We will take up the manual washing of feet. On the first day of the Feast of Unleavened Bread the Passover was prepared. After Jesus had come with his disciples and reclined at the table, knowing that the Father had put everything into his hands, he rose from the meal and started to wash the feet of the disciples. He contended with Peter and he explained what he wanted for Peter in the washing. First Peter listened. “Unless I wash you, you have no part with me.” By this Christ did not mean an external washing. For many have a part with Christ who are nevertheless not washed by him outwardly. But he means the washing which happens through his blood, through faith. The testimony is clear that no one can obtain salvation except through the blood of Christ. Turks, Jews, and hypocrites do not want to be washed in the blood of Christ. Therefore they will have no part with Christ. But we are washed in the blood of Christ if we believe that he himself poured out his blood for us.
Then Peter hears, “A person who has had a bath need only to wash his feet.” By saying this Christ teaches what is to be done by him who has obtained the forgiveness of sins through the blood of Christ. He is completely clean and has the forgiveness of all sins, yet he always needs to wash his feet, that is, to rule over sin, to fight with sin, to purge the Old Man, and to crucify the flesh with its passions and desires.

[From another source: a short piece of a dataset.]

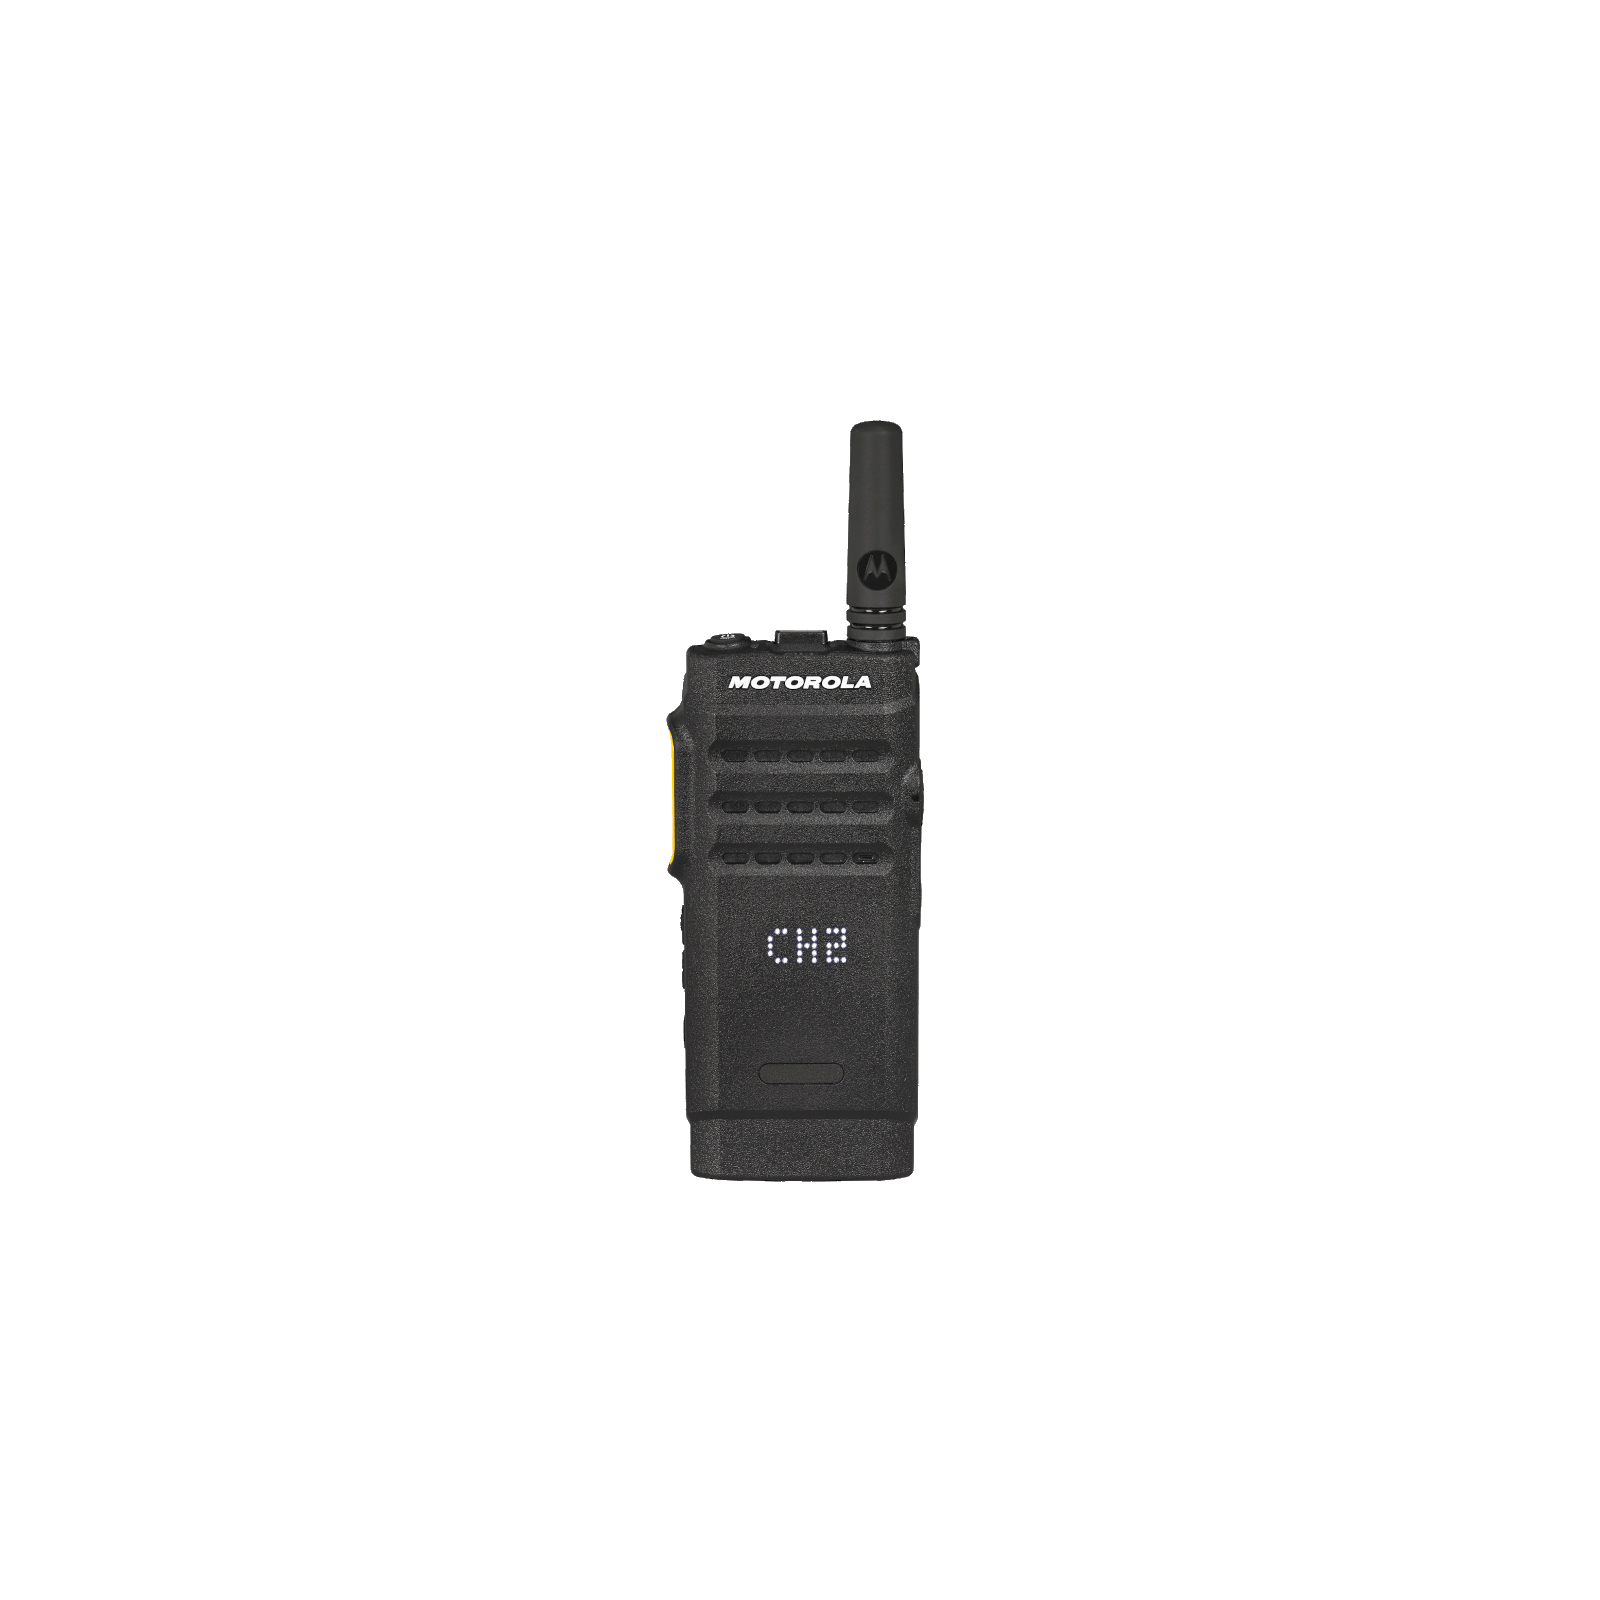 Портативная рация Motorola SL1600 VHF DISPLAY PTO302D 2300T изображение 2
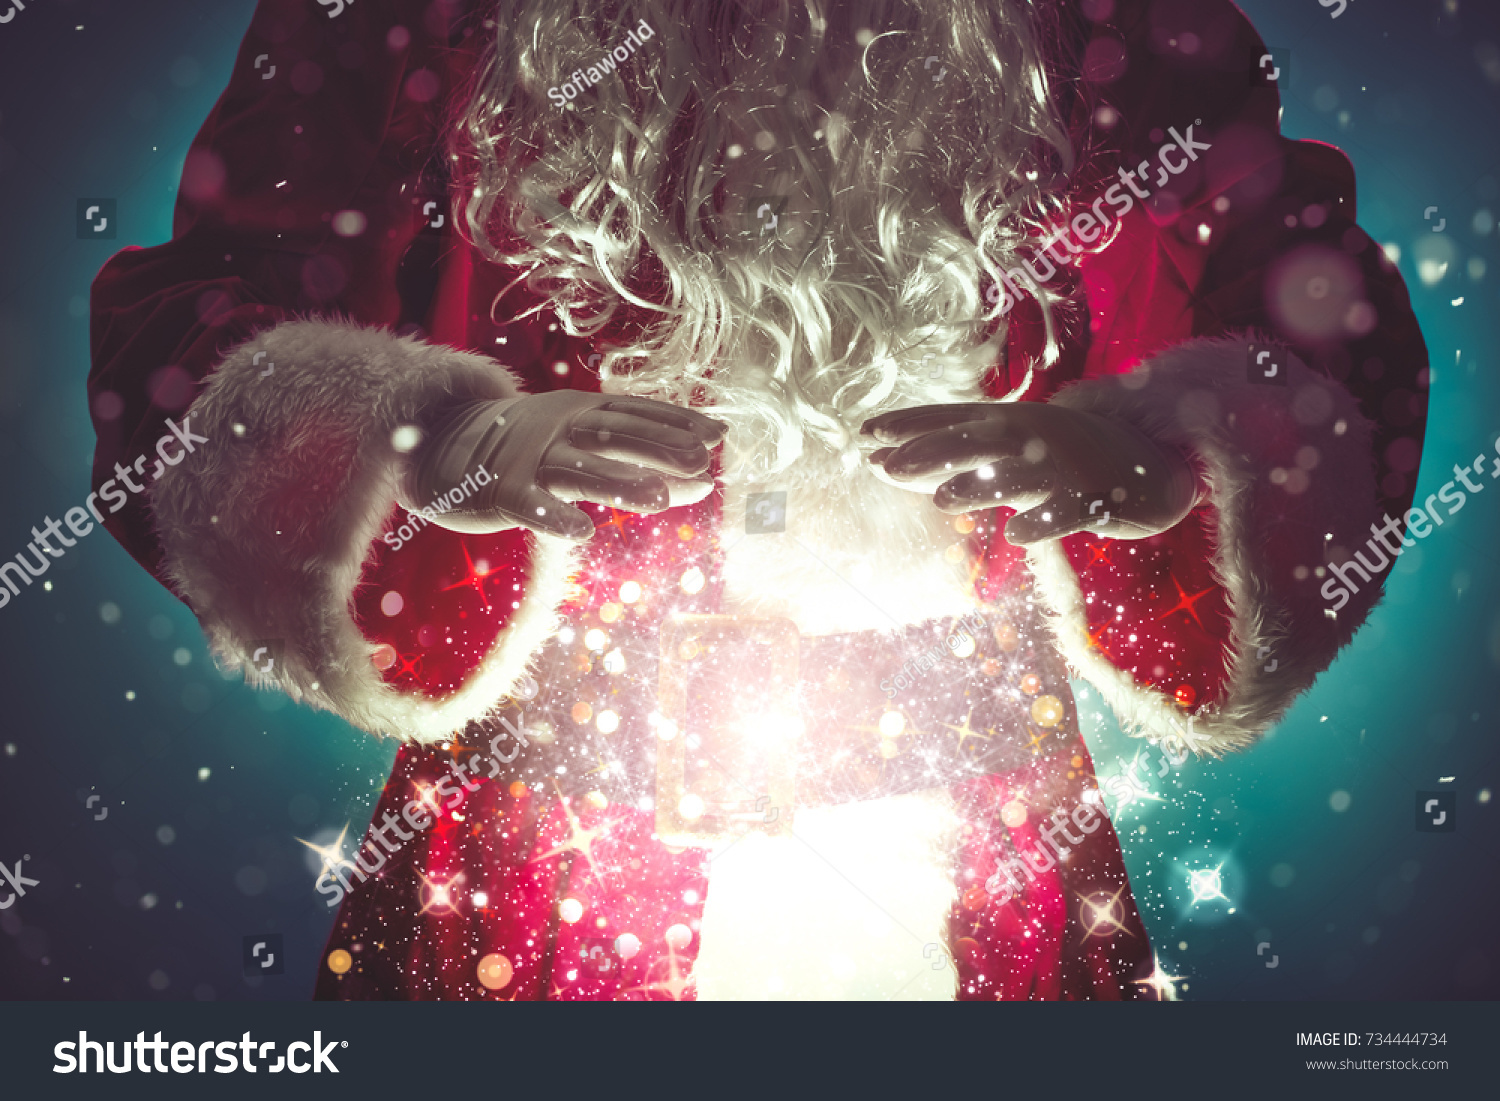 Santa Claus with magic Christmas lights,Christmas concept #734444734

But let us hear the explanation of Christ about the washing. He says, “I have set you an example that you should do as I have done for you. I tell you the truth, no servant is greater than his master.” Therefore Christ teaches this example to the Apostles that they ought not to try to grasp, by virtue of their Apostleship and Christianity, external lordship in this world. Instead, they should become servants. For there exist many promises about the kingdom of Christ, and thus the prophets seem to prophesy about him just as if his kingdom were worldly. It was also the common belief, not only of the Jews but also of the Apostles, that Christ would undertake and govern a worldly kingdom in which all the Apostles would be leaders and all believers would be rich and glorious people. But Christ often admonished and taught his disciples to regard themselves in an entirely different way. But at last, when he was about to depart from this world, he wanted to impress this upon them, even with the ceremony, or example, of washing feet. This is a humble and servile duty. Therefore he teaches them in this example that because of their Apostleship and ministry and Christianity they ought to act as slaves and servants and not strive for external power. And, indeed, he is allowed to receive in a pious manner external power either through heredity or election or purchase, according to legitimate contracts of this age. But he does not want to seize power through his Apostleship or Christianity. This command and example the Apostles later followed. For Peter and the other Apostles preached only the Gospel in Jerusalem on Pentecost. They did not take possession of the power of the city. They did not stir up sedition, but they washed feet. They placed themselves under the feet of both the faithful and the wicked. They served the pious with their preaching. They endured the persecutions of the wicked. Thus all pious private citizens have the need to wash feet. They ought not to crush the heads of others but to wash their feet. He crushes another’s head who endures no injury from him, who plots against his fortunes, who exacts everything by the letter of the law. However, he washes feet who performs his duty and restores to each one what is his and serves his neighbor out of the love of God.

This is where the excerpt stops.